Thursday, 23 January 2014

A cheeky spot of Bunting sexing

Ok, so back in 2012 I learnt an awful lot about moult, alternate ageing and sexing of many passerine species during my time in Sweden.
I've recently been going through my photos for an up and coming presentation I am giving to Bangor Bird Group.
Anyway, I remember learning an awful lot about Reed Buntings whilst I was there as we caught 169 during my visit.
I came across some photos of juvenile birds and thought it might be interesting to show a few sexing features of juvenile Reed Buntings before/during post-juvenile moult.

Juvenile Female
This bird is undergoing post juvenile moult into 1st winter plumage. The growing tail feathers show the adult-like broad rounded tips to the feathers, whereas the fully grown unmoulted tail feathers are relatively thin and pointed. This shows it to be a juvenile bird. 
The mantle here is one of the key features for sexing. This shows subtle pale tramlines just off centre and the rest of the brown feathers is fairly pale and soft brown. In addition, the black streaking is quite diffuse and thin. 
Next we have the pattern of the greater coverts and lesser coverts for identification of female. The rufous fringing to the greater coverts are really broad and the lesser coverts are the same colour being not especially rufous at all.

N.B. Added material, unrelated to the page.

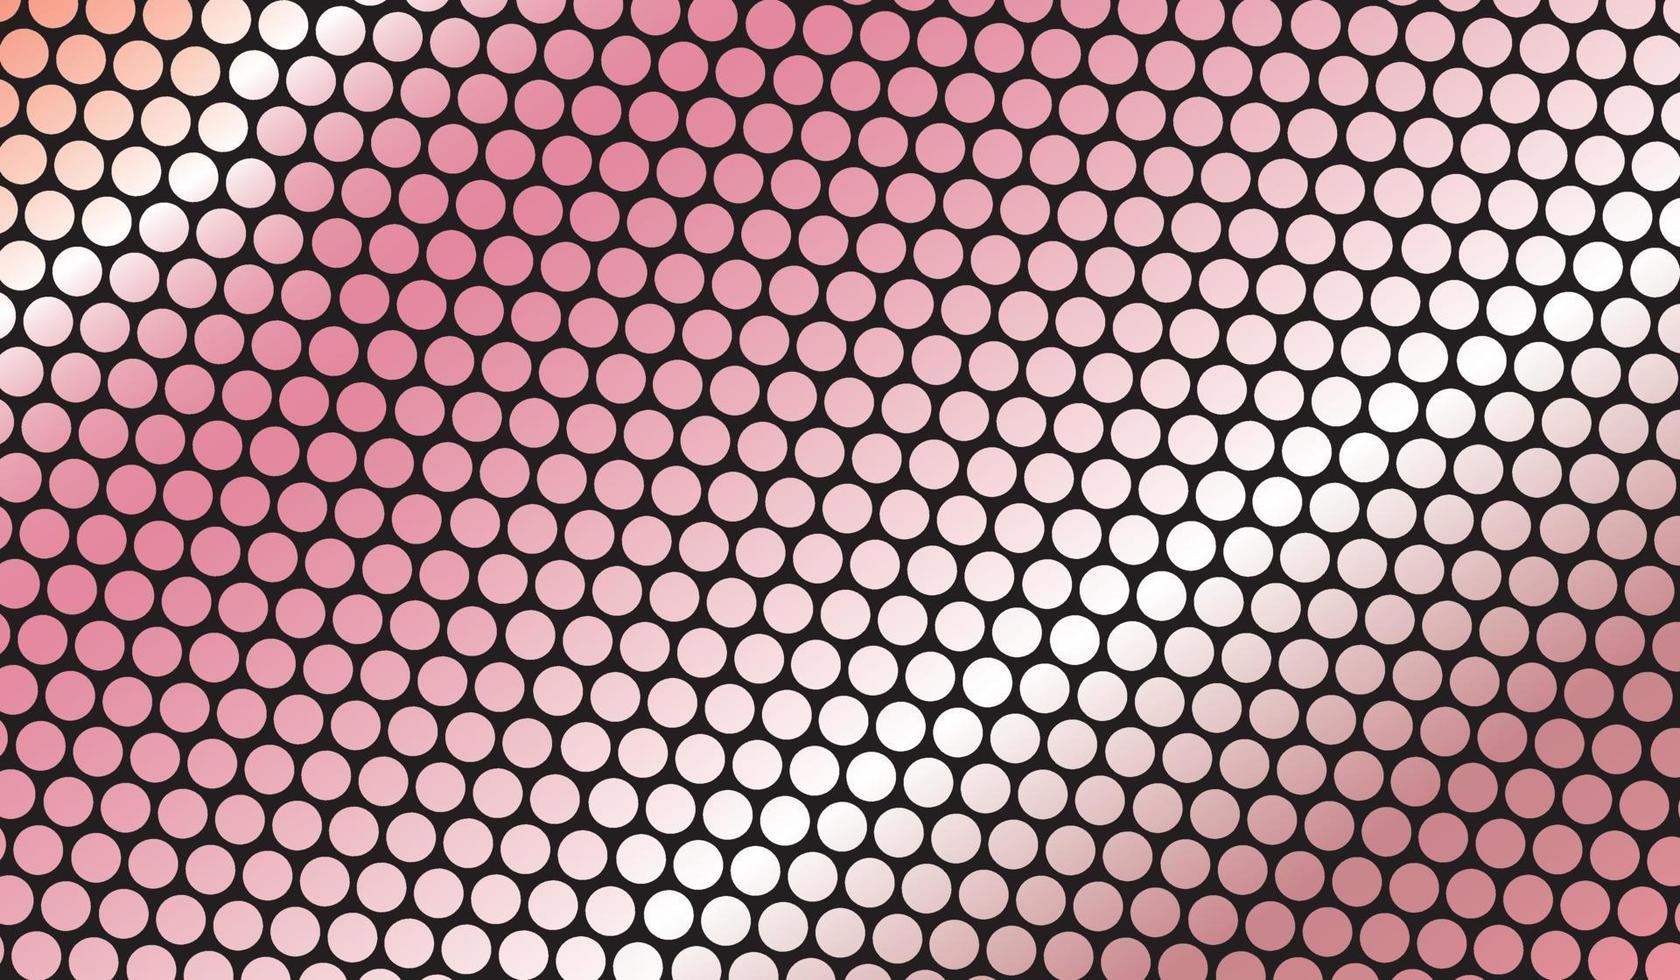 fond abstrait avec des points roses, illustration vectorielle vecteur

Finally you'll note the tertials have a very pale flash to the fringing.  

Juvenile Male
Ok, so now we move onto the male. Everything about the male is more rufous and more bold. 
The mantle shows much bolder black streaking, with the paler feathering being much more rufous than the female. The fringing to the greater coverts is much narrower than on the female, plus the lesser coverts are very rufous indeed. Finally, the fringing to the tertials is rufous and brown with no real hint of any cream/white fringing. 

Just a small blog post with a couple of features that you may already be aware of, but if not, hope you enjoyed it.